To celebrate 30 years of Functional Ecology current journal Editors Charles Fox, Alan Knapp, Craig White and Ken Thompson have each chosen their favourite papers from our back catalogue. We asked the Editors to choose papers they feel have had a major impact on their field and that continue to be relevant today. The resulting eclectic selection spans the full history and broad scope of the journal. The Editors' selections and their reasons for choosing them are included below. All the papers are free to access.
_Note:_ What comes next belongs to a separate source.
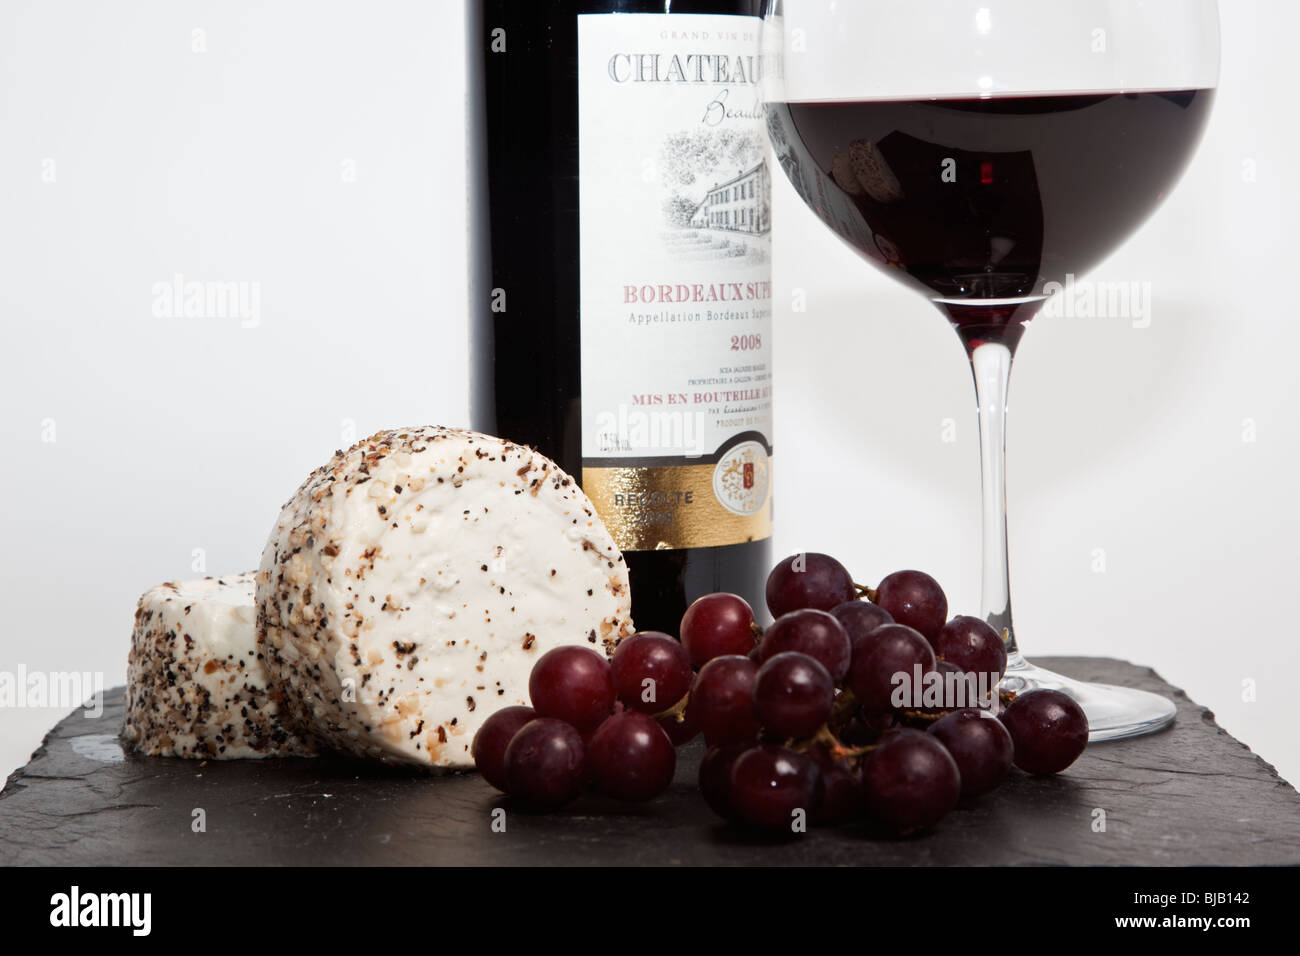 Still Life de vin rouge, un morceau de fromage à l'ail et le poivre, des raisins et une bouteille de vin rouge avec un arrière-plan uni, blanc Banque D'Images

 Volume 1 - 10     Volume 11 - 20    Volume 21 - 30    

 

Volume 1 - 10

In situ photosynthetic responses to light, temperature and carbon dioxide in herbaceous plants from low and high altitude
Koerner, Ch.; Diemer, M.
Vol. 1, No. 3 (1987)

Selected by: Alan Knapp

This paper has been consistently cited every year since its publication in our first volume. Alan explains why he chose it: "This is a nice comparative study of photosynthesis in 12 pairs of herbs growing at low and high altitude. One doesn’t encounter such studies very often today, but some interesting questions are addressed."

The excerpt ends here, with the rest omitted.